Wynne Gray

Wynne Gray is a Herald columnist

All Blacks: Forwards focus on blips

Owen Franks, Andrew Hore and Tony Woodcock pack down in training ahead of the third test. Picture / Getty Images.
Owen Franks, Andrew Hore and Tony Woodcock pack down in training ahead of the third test. Picture / Getty Images.

Debating scrum decisions with props is asking for a baleful stare or sustained silence.

Listening to their viewpoint is a far safer proposition unless you have been part of the cauliflowered collection.

Occasionally they are left in limbo and All Black loose head prop Tony Woodcock was quick to check referee Nigel Owens' decision late in the second test.

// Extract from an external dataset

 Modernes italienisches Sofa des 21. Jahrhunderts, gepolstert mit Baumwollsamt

He ruled in favour of the All Blacks, a verdict which earned him the ire of Ireland but got the hosts on a roll towards their defining dropped goal.

"You'd have to ask the ref really but to me it looked a bit like a whip wheel rather than a push straight through but those things can go either way," Woodcock said.

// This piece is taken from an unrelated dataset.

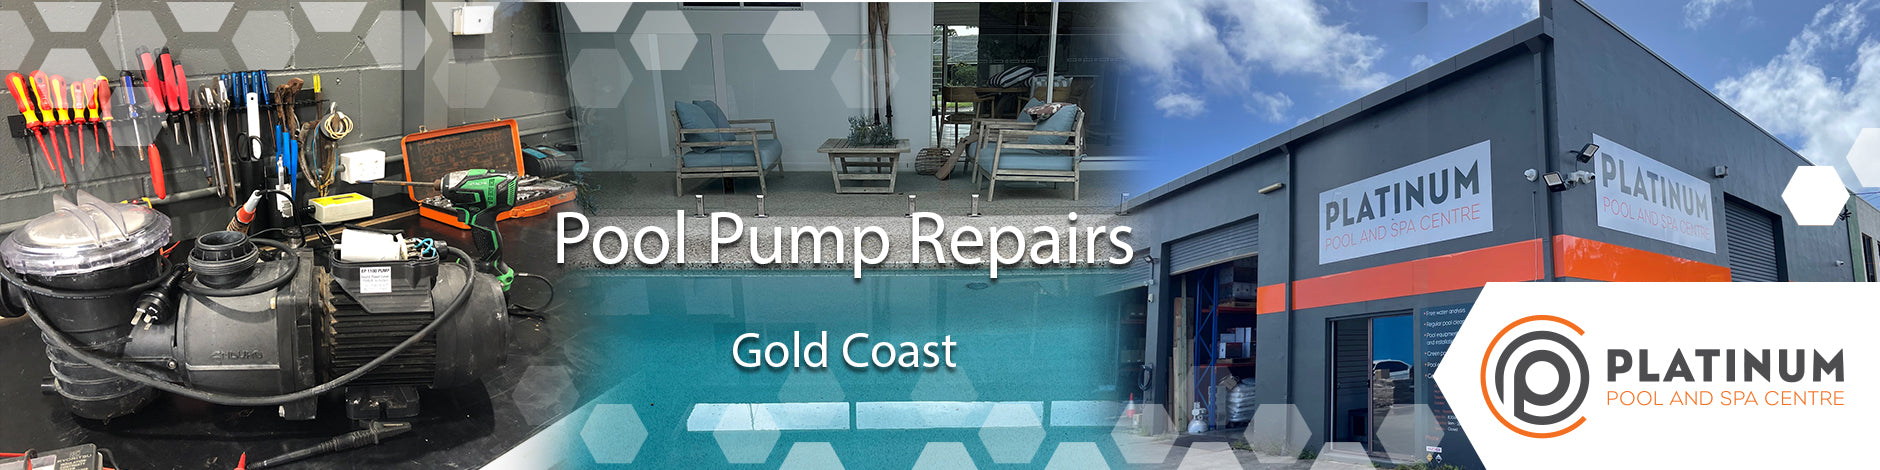 Pool Pump Repairs

"We hear the whistle in scrums and think, oh my god, but it's only the ref's viewpoint."

Woodcock said the All Blacks were content with their initial scrum work but some player changes and Irish improvement altered the dynamics.

"It was a good eye-opener for us and we know what to expect now," he said.

Ireland had a concerted scrum which pushed the All Blacks around but New Zealand had picked up two free kicks, a penalty and a tighthead.

"It's probably not as bad as people think," Woodcock said.

It was difficult to put it down to anything except the need for a better attitude when fatigue kicked in.

"Every game I come off feeling buggered but l guess you'd be asking a lot of questions if you didn't feel that way.

"You get through a fair bit of work that is high-paced these days.

Ireland played in competitions where the scrum was a massive part of their game as in Christchurch.

"We'll see this week though," he said. "We also pride ourselves on our scrum so we'll see where that goes this week."

Coach Steve Hansen felt his side engaged well but neglected the secondary push.

"We had gone to sleep and as a result we got two or three scrums that were shockers and the team prides themselves on their scrum and they have done a lot of homework on it.

"Sixty-five per cent of your scrum power comes from your back five so if they're not pushing then you are in trouble."